On 22 October 2019, the FDA approved Vertex’s Triple-combo therapy Trikafta (elexacaftor/tezacaftor/ivacaftor) for patients 12 and older with at least one F508del mutation. This approval came only 2 months after the new drug application was filed.^[32] Trikafta is approved for approximately 90% of patients with cystic fibrosis.^[33]

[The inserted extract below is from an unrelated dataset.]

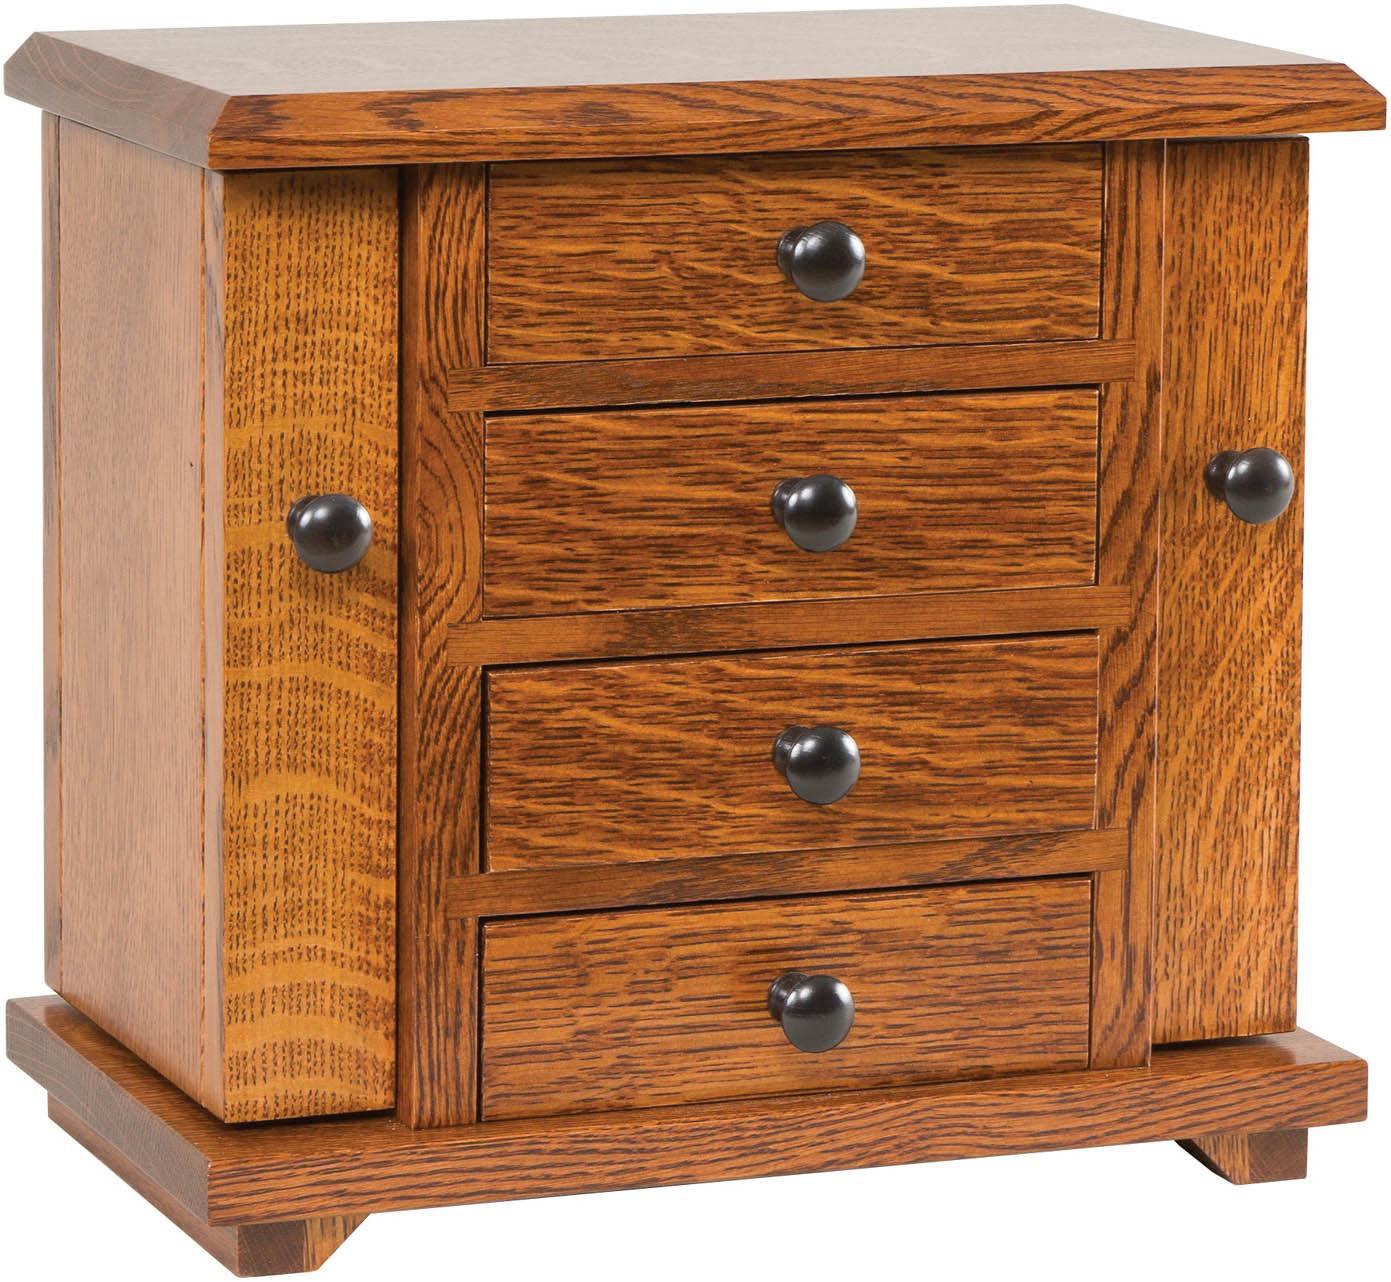 13 inch Dresser Top Jewelry Cabinet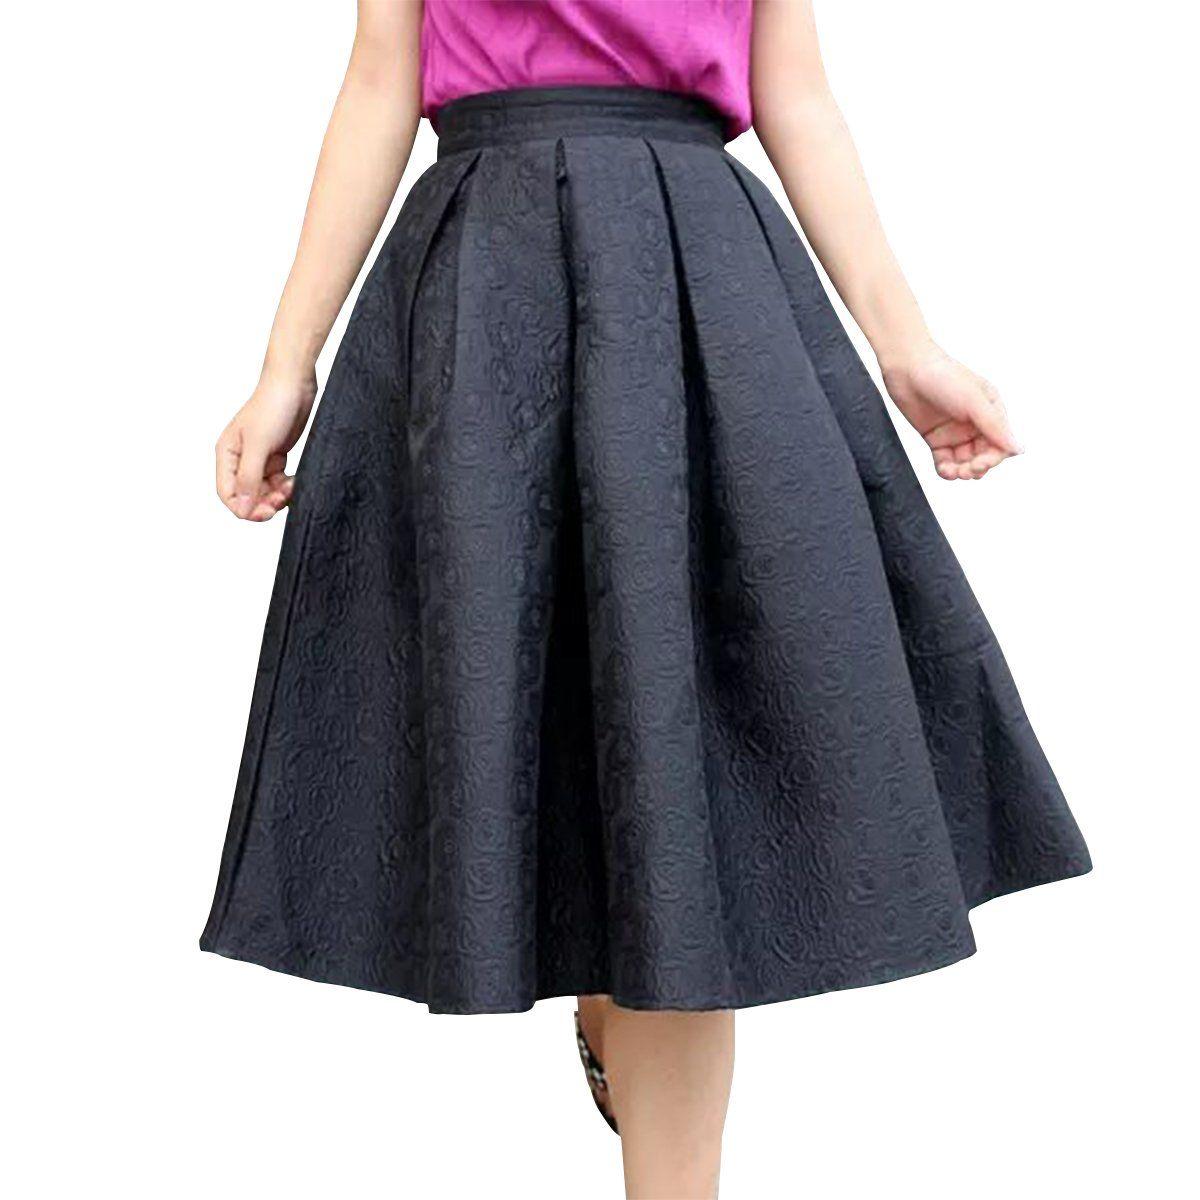 Sue&Joe Women's Flared Skirt A Line Knee Length Plain Swing Pleated Circle Skirt at Amazon Women's Clothing store:

Vertex has refused to make Trikafta available in developing countries and works to block generic alternatives, making it inaccessible for thousands of patients.^[34]

Genetic therapies[edit]

• In 2015, Vertex entered into a research collaboration with CRISPR Therapeutics to develop gene-editing therapies for genetic diseases.^[35] In May 2020, CTX001 has received Orphan Drug Designation from the U.S. Food and Drug Administration for transfusion-dependent beta thalassemia and from the European Medicines Agency for sickle cell disease and transfusion-dependent beta thalassemia.^[36]
• In 2016, the company entered into a collaboration with Moderna to develop new mRNA-based therapeutics to treat CF; Vertex paid Moderna $20M in cash and provided an additional $20M in cash in exchange for a convertible note that Vertex can cash in for stock. Vertex also promised to pay up to $275M in milestone payments.^[37]
• In 2019, Vertex established a research collaboration with a privately held company Arbor Biotechnologies^[38] to discover novel proteins to advance the development of new gene-editing therapies for cystic fibrosis and four other diseases.^[39] With seven different areas of focus in the deal, Vertex is paying up to $1.2 billion in milestones along with undisclosed up-front payments.^[38]
• Vertex’s product pipeline includes drug regimens targeting specialty diseases like sickle cell disease, beta thalassemia, Duchenne muscular dystrophy, alpha-1 antitrypsin deficiency, pain, and APOL1-mediated kidney diseases.^[40]

Historical[edit]

Telaprevir[edit]

In 2014, Vertex discontinued telaprevir.^[41] In May 2011, the Food and Drug Administration (FDA) had approved the drug telaprevir (Incivek) as an oral treatment for hepatitis C. Development and commercialization of telaprevir was shared with Johnson & Johnson for European distribution and Mitsubishi for Asia. Telaprevir is a protease inhibitor.^[42]

CEO compensation[edit]

In 2015, several media outlets reported CEO Jeffrey Leiden’s 2014 compensation to be approximately US$48.5 million.^[43] Vertex shareholders opted for a reduction in CEO compensation in 2015 and 2016, resulting in 2016 earnings of US$17.4 million.^[44]

Pricing in the UK[edit]

Criticism of Vertex-based around claims that the pricing of their groundbreaking cystic fibrosis drug Orkambi (priced at US$135,000 to US$270,000 per patient per year, depending on the patient’s country), limited access to the drug for children and young adults with cystic fibrosis, resulted in campaigns by concerned parent groups and allegations of unfair pricing by the UK’s National Health Service.^{[45][46][47][48][49]}

In March 2019, Vertex was legally required to destroy 7,880 packs of Orkambi that reached their expiry dates during negotiations with the NHS concerning the drug’s pricing.^[50][51]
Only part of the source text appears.